Dr. Ute Maier beruft sich dabei auch auf die gemeinsame Sprachregelung von KZBV und GKV-Spitzenverband, die wir hier zitieren:

„Grundsätzlich sollen Heilmittel je Behandlungstag maximal nur einmal verordnet bzw. abgegeben werden. Unter Doppelbehandlungen ist die Durchführung der Behandlung mit einer doppelten Therapiezeit zu verstehen, d.h. es werden zwei Sitzungen in einem Termin durchgeführt. Der Zahnarzt kann eine Doppelbehandlung nur in seltenen zahnmedizinisch begründeten Ausnahmefällen verordnen. Aus Sicht von KZBV und GKV-Spitzenverband können sich derartige Fallgestaltungen im zahnärztlichen Bereich hauptsächlich bei Vorliegen der Diagnosegruppe CD2, ZNSZ und SCZ ergeben. Die vom Zahnarzt im Feld „Verordnungsmenge“ angegebene Anzahl gilt als Höchstmenge. Soweit der Zahnarzt die Abgabe in Form einer Doppelbehandlung wünscht, kann er dies im Feld „Diagnose mit Leitsymptomatik, ggf. wesentliche Befunde, ggf. Spezifizierung der Therapieziele“ mittels Freitextangabe deutlich machen (z.B. KG als Doppelbehandlung). Sind im Feld „Verordnungsmenge“ zehn Einheiten angegeben, können fünf Doppelbehandlungen durchgeführt werden. Durch die Verordnung von Doppelbehandlungen erhöht sich die im Katalog genannte diagnosebezogene „Verordnungsmenge im Regelfall“ nicht."
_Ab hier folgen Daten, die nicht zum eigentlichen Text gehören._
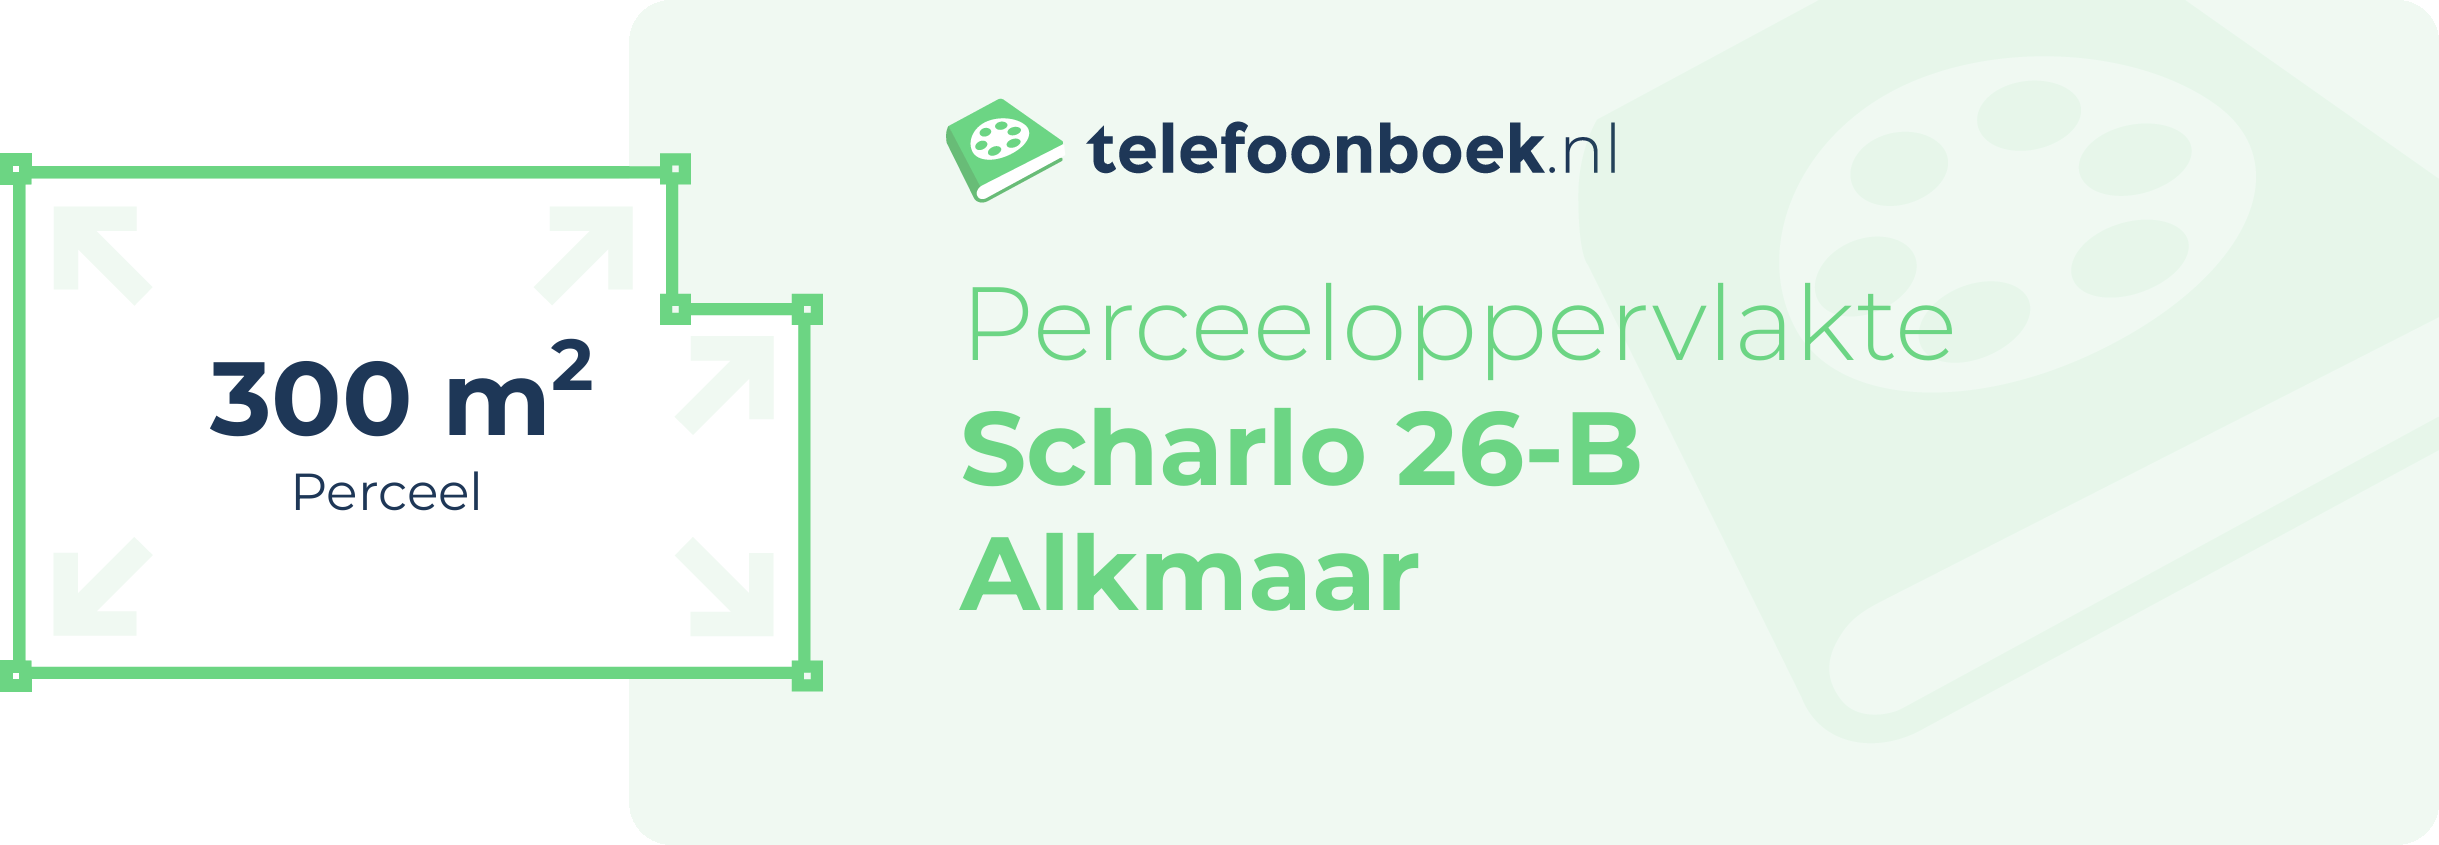 Perceeloppervlakte Scharlo 26-B Alkmaar

Frau Dr. Maier weist darauf hin, dass die KZV BW in ihrem nächsten Rundschreiben die Zahnärzteschaft unter Hinweis des Wirtschaftlichkeitsgebots über diese Sprachregelung in Kenntnis setzen wird.

Beschwerden von Zahnärzten

Auch bei der KZV BW gingen laut Antwortbrief von Frau Dr. Maier Beschwerden ein: Zahnärzte berichten demnach vermehrt über Physiotherapeuten, die die Zahnärzte zur Ausstellung von Verordnungen nach Vorgaben der Physiotherapeuten drängten. Dieses beträfe auch Verordnungen mit Diagnose aus anderen Fachgebieten. Es versteht sich von selbst, dass ein solches Verhalten nicht einem professionellen beruflichen Selbstverständnis entspricht.

Der Verband rät

Grundsätzlich raten wir bei Problemen mit zahnärztlichen Verordnungen das Gespräch mit dem verordnenden Arzt zu suchen, diesen aber keinesfalls zu einer bestimmten Verordnung zu drängen. Dieses Verhalten führt zu Unmut und schlechter Stimmung und dient der Sache in keiner Weise.
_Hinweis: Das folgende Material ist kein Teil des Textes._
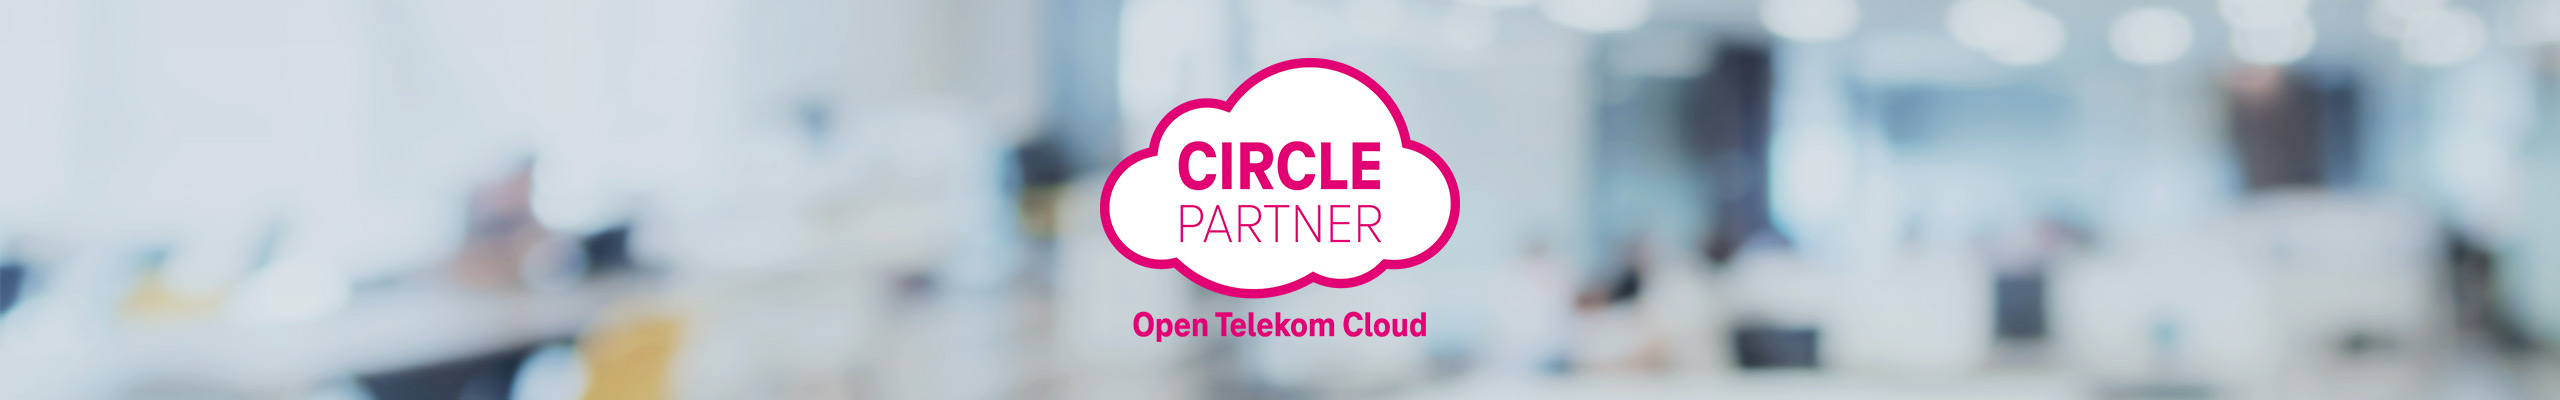 Circle Partner logo

Als Verband weisen wir noch mal darauf hin, dass Doppelbehandlungen zwar rechtlich zulässig sind, aber eine Ausnahme darstellen. Nach den Rahmenverträgen der Krankenkassen können Doppelbehandlungen in seltenen medizinischen Fällen verordnet werden. Aus diesem Grund raten wir nur in wirklichen Ausnahmefällen und unter Verweis auf diese Regelung in den Rahmenverträgen, den Zahnarzt um die Verordnung von Doppelbehandlungen zu bitten.